__WHAT TO PRODUCE__
Print the data below exactly, but only the lines from the one containing "walpole rest point" down to the one containing "schrammsteine rock na Suíça saxã foto", inclusive.

__RECORDS TO USE__
+ + + +

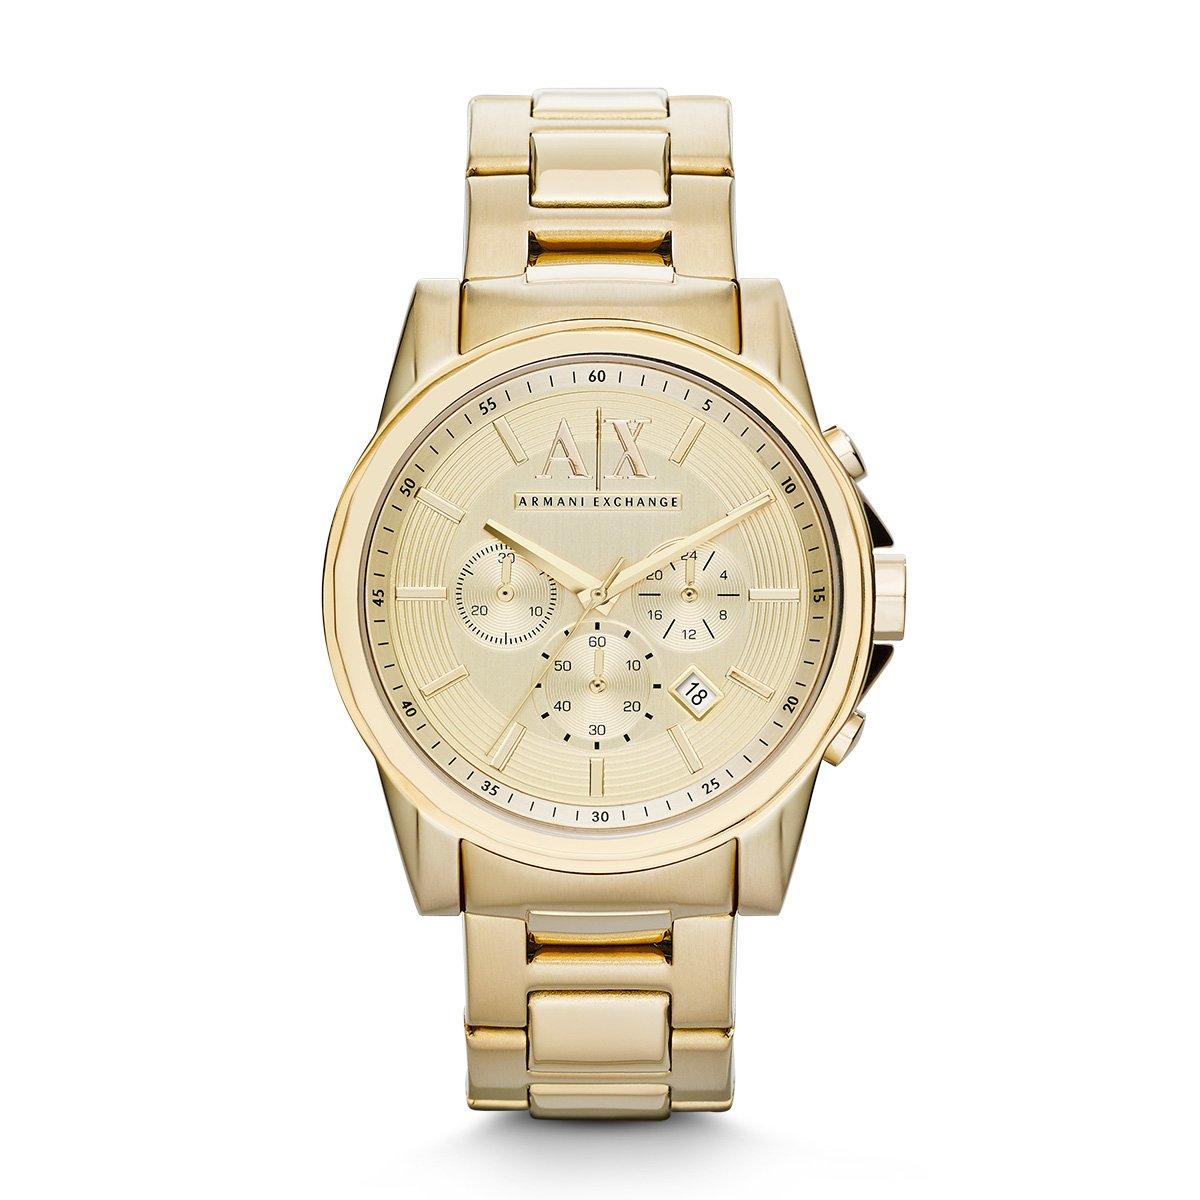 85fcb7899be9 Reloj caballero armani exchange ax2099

+ + + +

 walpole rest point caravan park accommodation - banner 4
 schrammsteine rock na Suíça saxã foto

+ + + +

__RESULT OF THIS EXERCISE__
 walpole rest point caravan park accommodation - banner 4
 schrammsteine rock na Suíça saxã foto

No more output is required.